L'état-major des FARC exige à nouveau que cet accord soit négocié dans une zone préalablement démilitarisée qui couvrirait les municipalités de Florida et Pradera, soit un territoire de 800 km2 dans le sud-ouest de la Colombie.

Le communiqué de la guérilla est diffusé ce dimanche par l'agence ANNCOL, proche des FARC.

Sous la requête pressante du président français Nicolas Sarkozy en faveur d'un échange humanitaire de prisonniers, le président Alvaro Uribe prépare depuis plusieurs jours la libération unilatérale de plusieurs centaines de guérilleros emprisonnés. Le chef de l'Etat colombien a exprimé publiquement son espoir que ce geste incitera les FARC à libérer leurs otages dits politiques, plus de cinquante, dont Ingrid Betancourt, sa compagne Clara Rojas et trois Américains.

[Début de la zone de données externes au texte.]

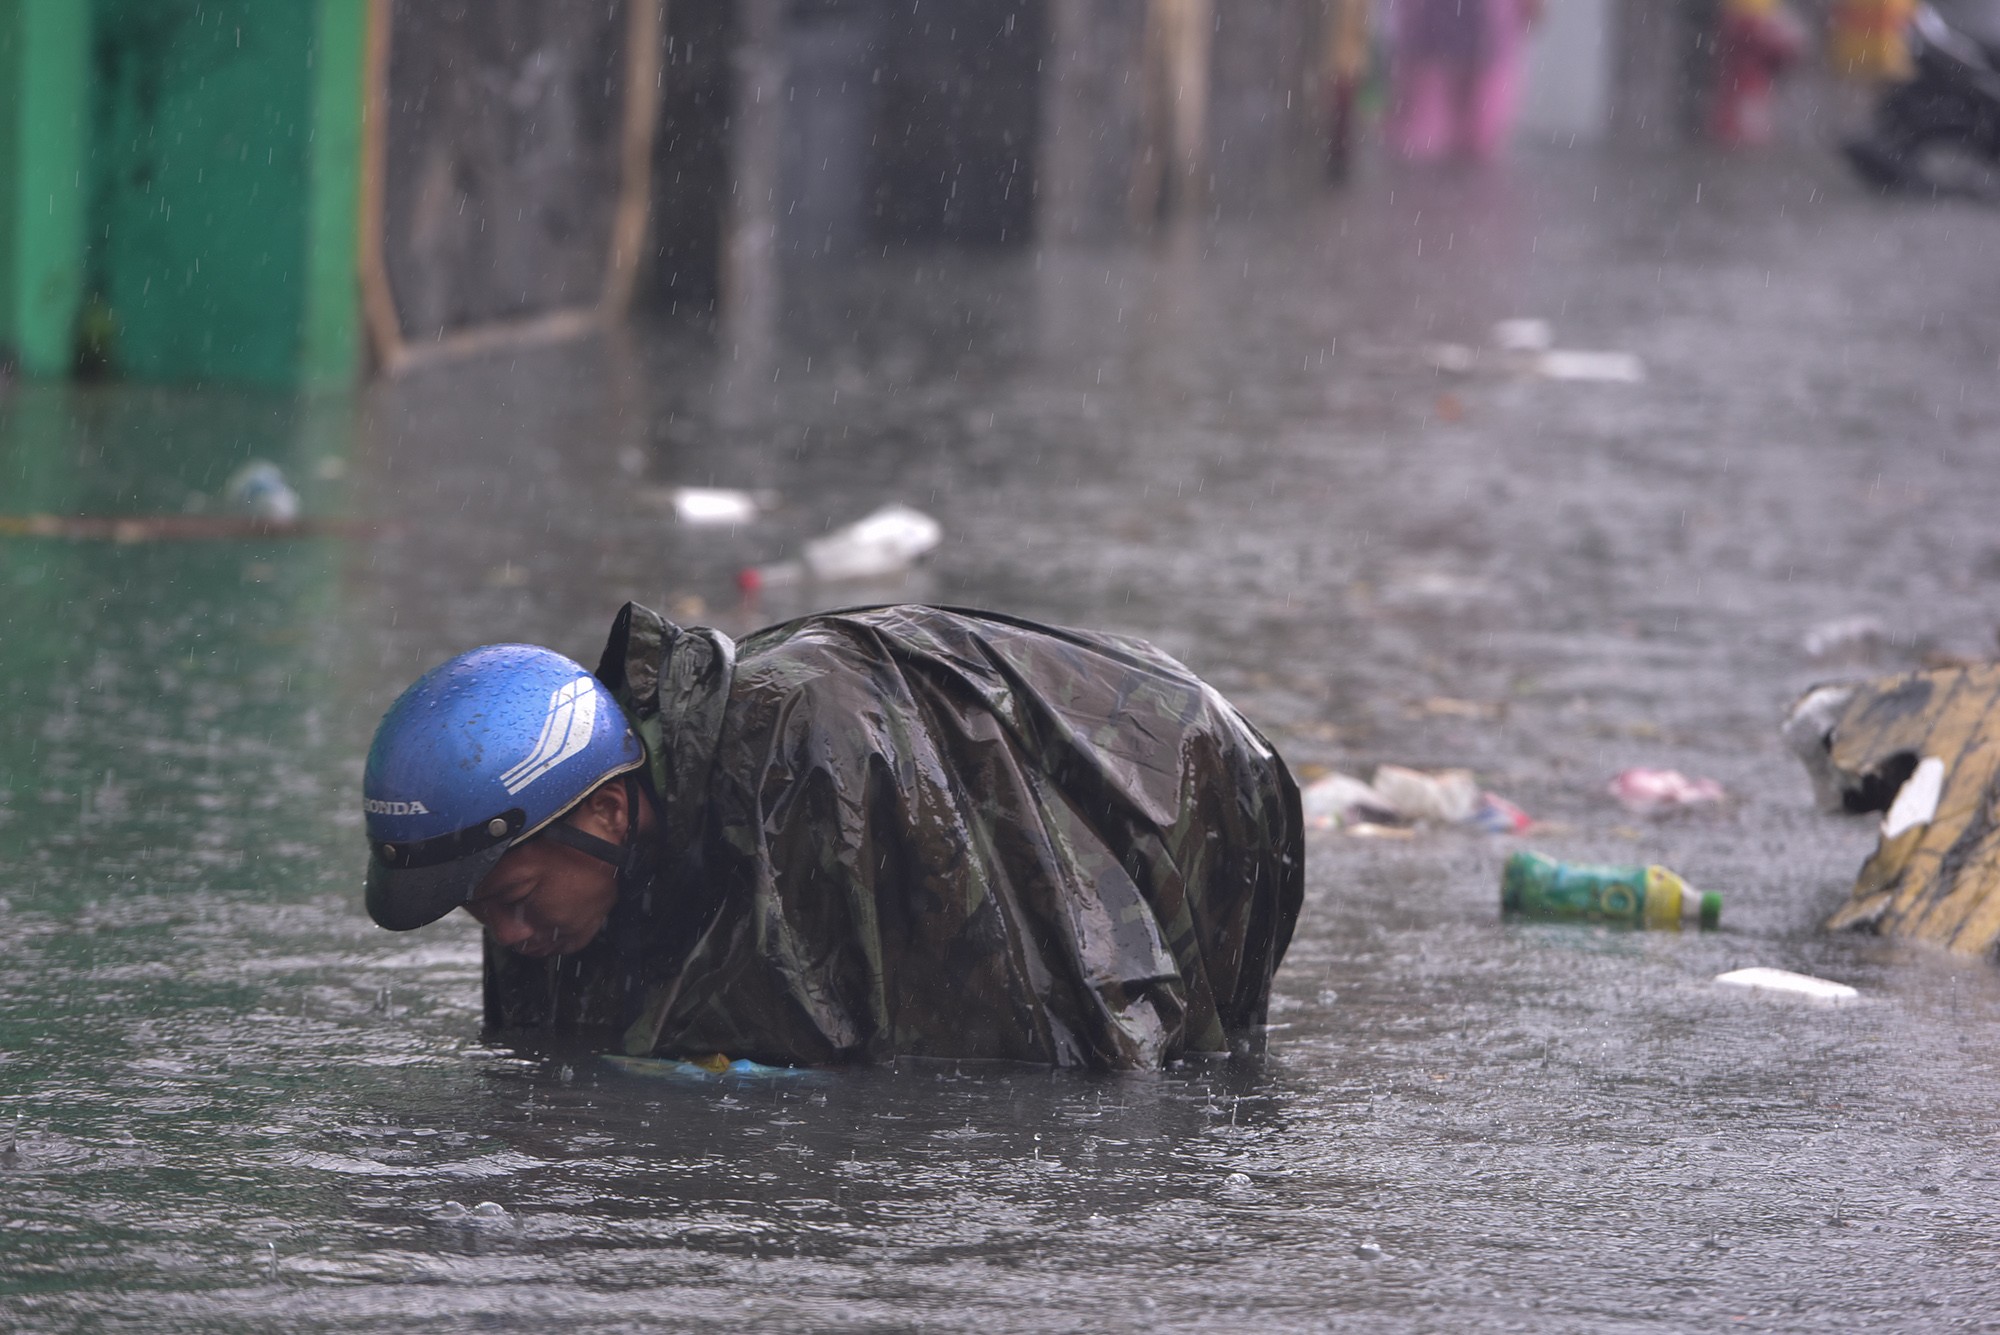 Đường ở TP.HCM ngập sâu trong mưa lớn, nhiều người ngã nhào - 17

Dans son communiqué, l'état-major des FARC qualifie cette initiative de "farce uribiste" et l'assimile à une tentative du président Uribe d'occulter son intention d'empêcher la justice d'éclaircir les scandales qui frappent des militaires et des parlementaires proches du gouvernement, accusés d'espionnage téléphonique et/ou de collusion avec les paramilitaires d'extrême droite qui ont perpétré de multiples massacres de civils.

Accusant le président Uribe de "tromper les familles et amis des prisonniers des deux camps", les chefs de la guérilla affirment que les prétendus guérilleros dont le chef de l'Etat a annoncé l'imminente libération ne seraient pas de véritables militants des FARC, lesquels refuseraient "l'offre trompeuse", mais, d'une part, des déserteurs dont la trahison les empêcherait d'être encore des guérilleros et, d'autre part, de simples civils accusés d'appartenir à la guérilla.

Selon les FARC, un échange humanitaire devra être le résultat "d'accords entre l'Etat et l'insurrection révolutionnaire, avec la définition de critères, de délais, de noms, de garanties et de mécanismes de vérification". Ce processus comprendrait nécessairement, insiste l'état-major de la guérilla, la démilitarisation des municipalités de Florida et Pradera pour y négocier l'échange. Cette condition a été rejetée à plusieurs reprises par le président Uribe.